In a recent article in Risk.net, a leading publication for news and analysis on risk management, derivatives and regulation, Scotiabank was recognized for its delivery of the Bank’s new risk engine in Global Banking & Markets, a system built for valuation adjustment (XVA) calculations that has resulted in both speed and accuracy improvements for the Bank’s clients.

Scotiabank’s new system combines four technologies: cloud, graphic processing units (GPUs), adjunct algorithmic differentiation (AAD) and deep neural networks (DNN), a branch of artificial intelligence (AI). Today, Scotiabank has industry-leading compute power, which allows traders to gain greater insight into the risk in the derivatives market, and ultimately provide customers with more timely, accurate pricing. 

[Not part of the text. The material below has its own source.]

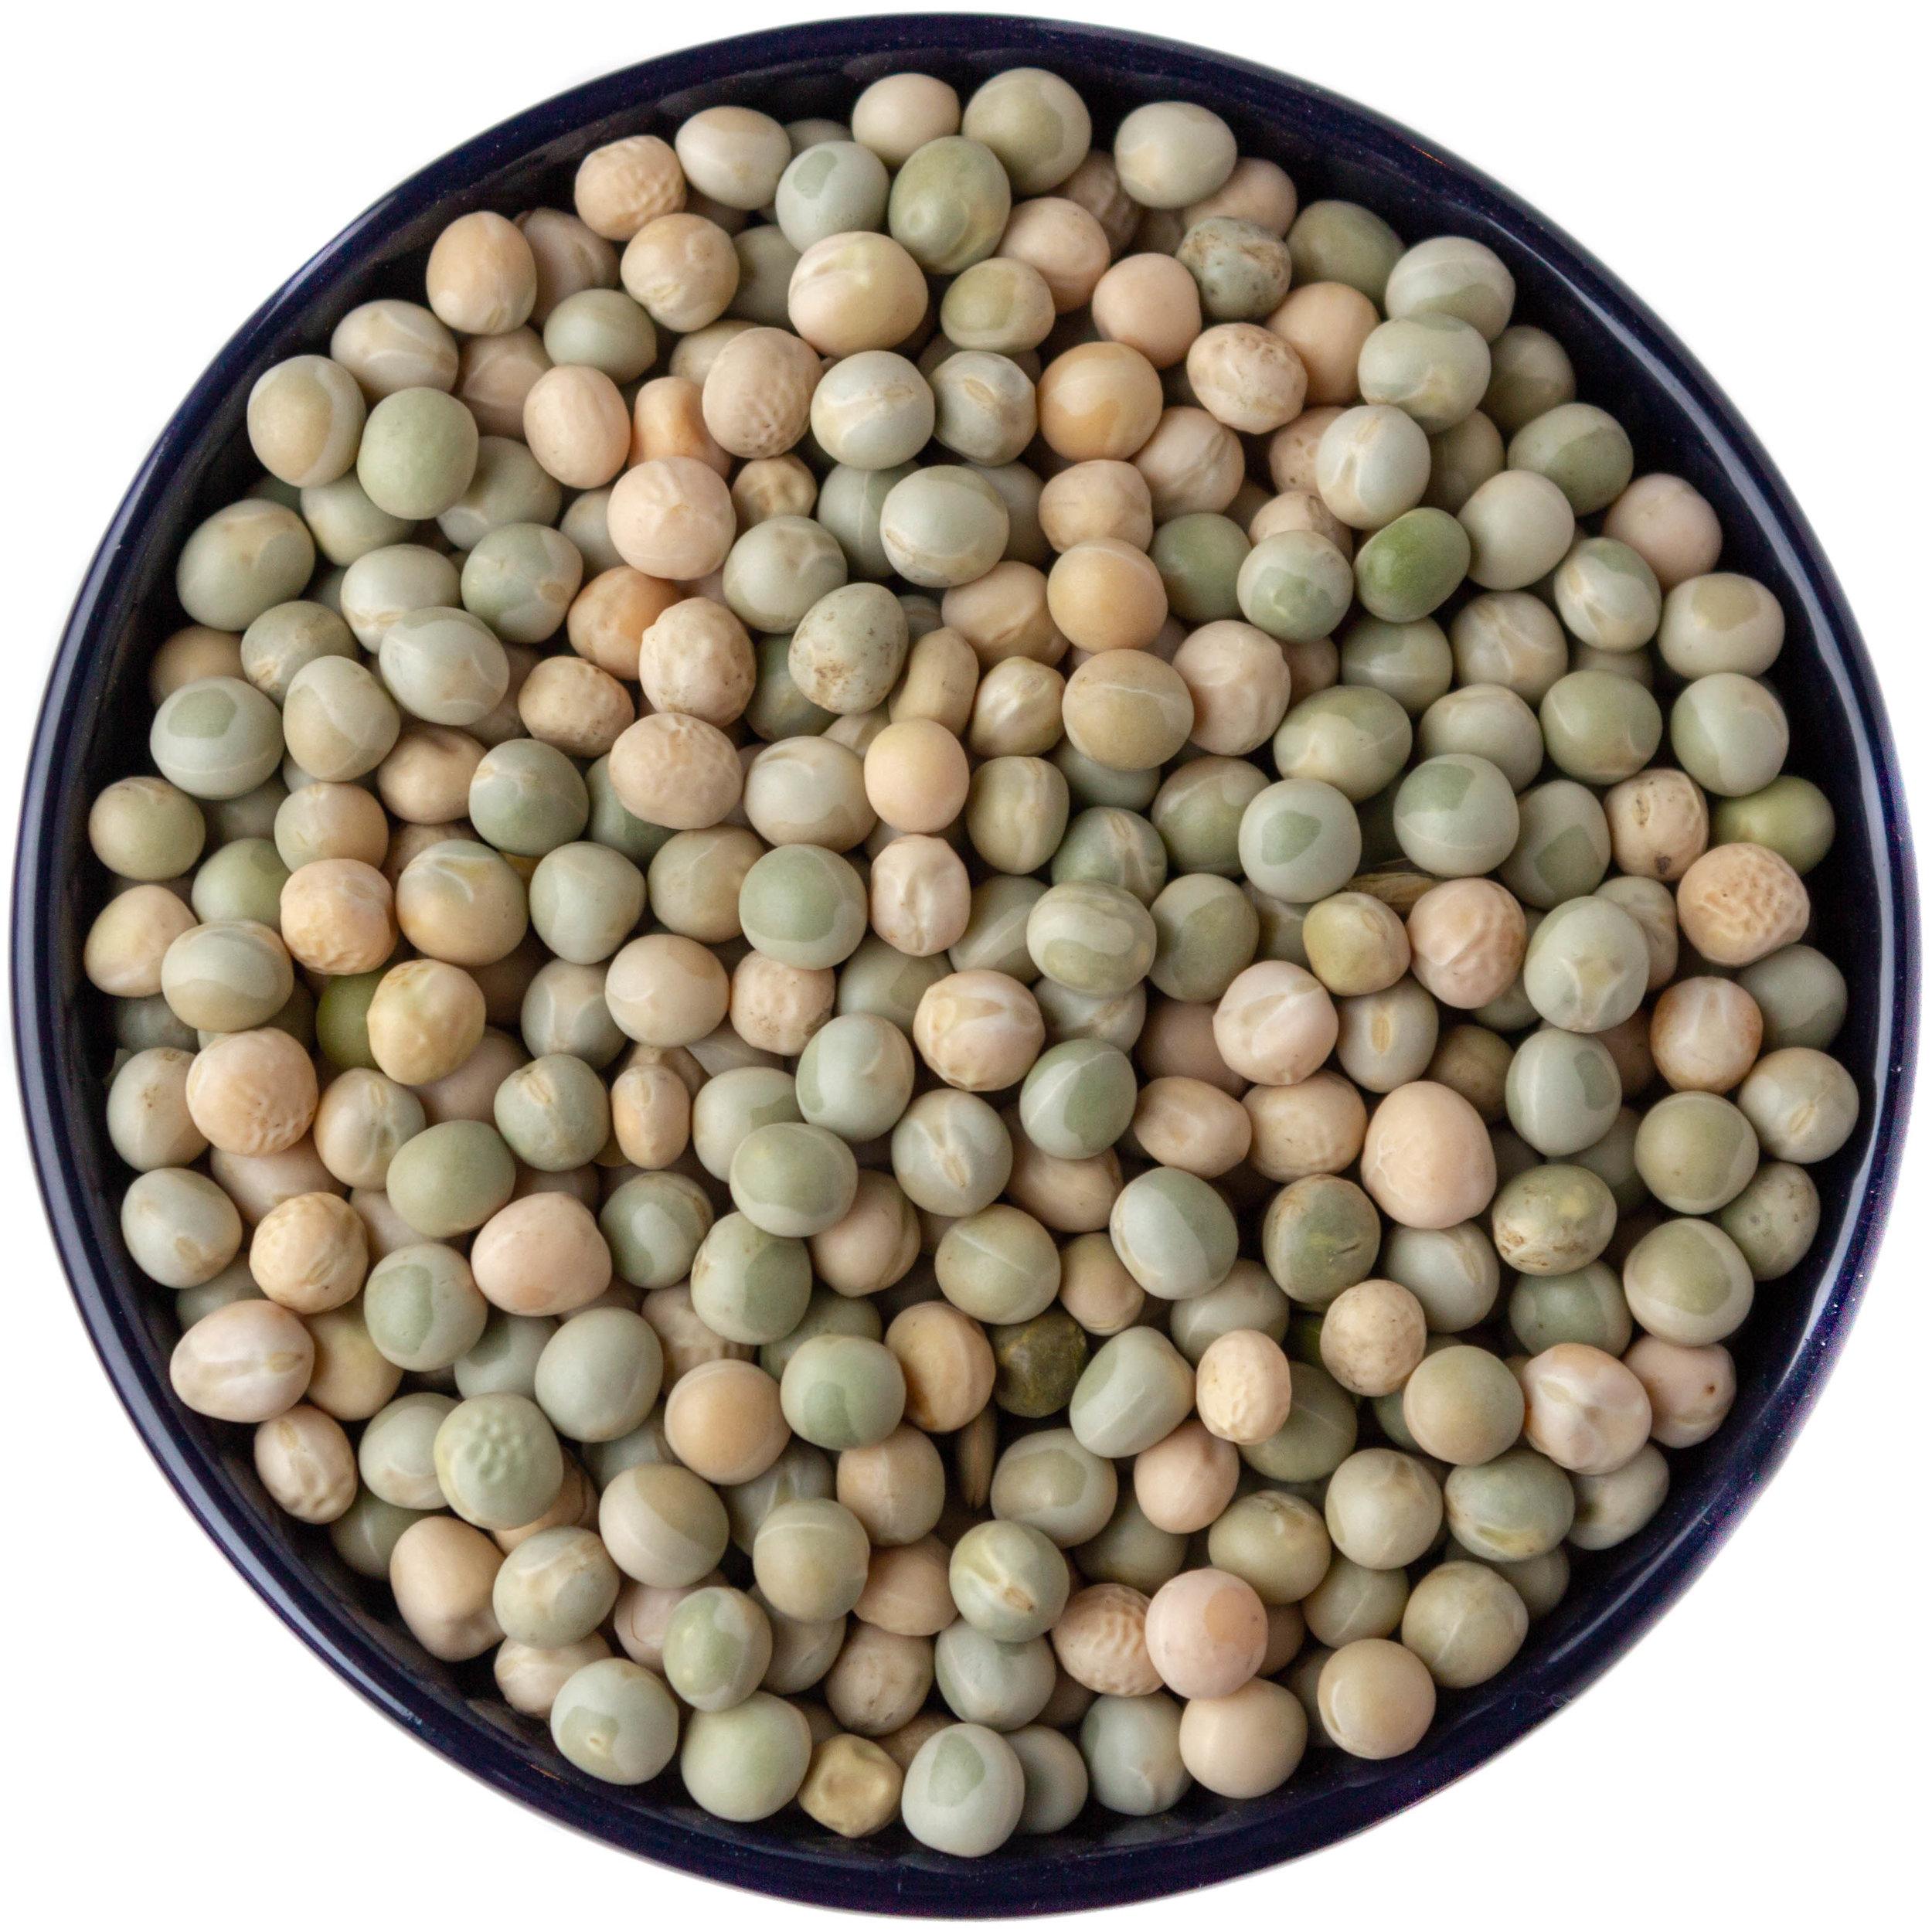 Feed Peas

Karin Bergeron, Managing Director and Head of XVA Trading at Scotiabank, described how during the onset of the pandemic when markets became stressed, Scotiabank’s new risk engine was able to run multiple scenario analyses on-demand to provide a rich understanding of market sensitivities. “We tested different flavours of correlation and used these to guide our hedging strategy as we saw which scenario unfolded in the markets on any given day. The migration to this new platform has given us greater visibility into our risk,” Bergeron told Risk.net.

In the article, Andrew Green, Lead XVA Quant at Scotiabank, talked about Scotiabank’s work with deep neural networks. “We were first to market using AAD and GPUs for XVA. And the first to use deep neural networks, for XVAs in production full stop.”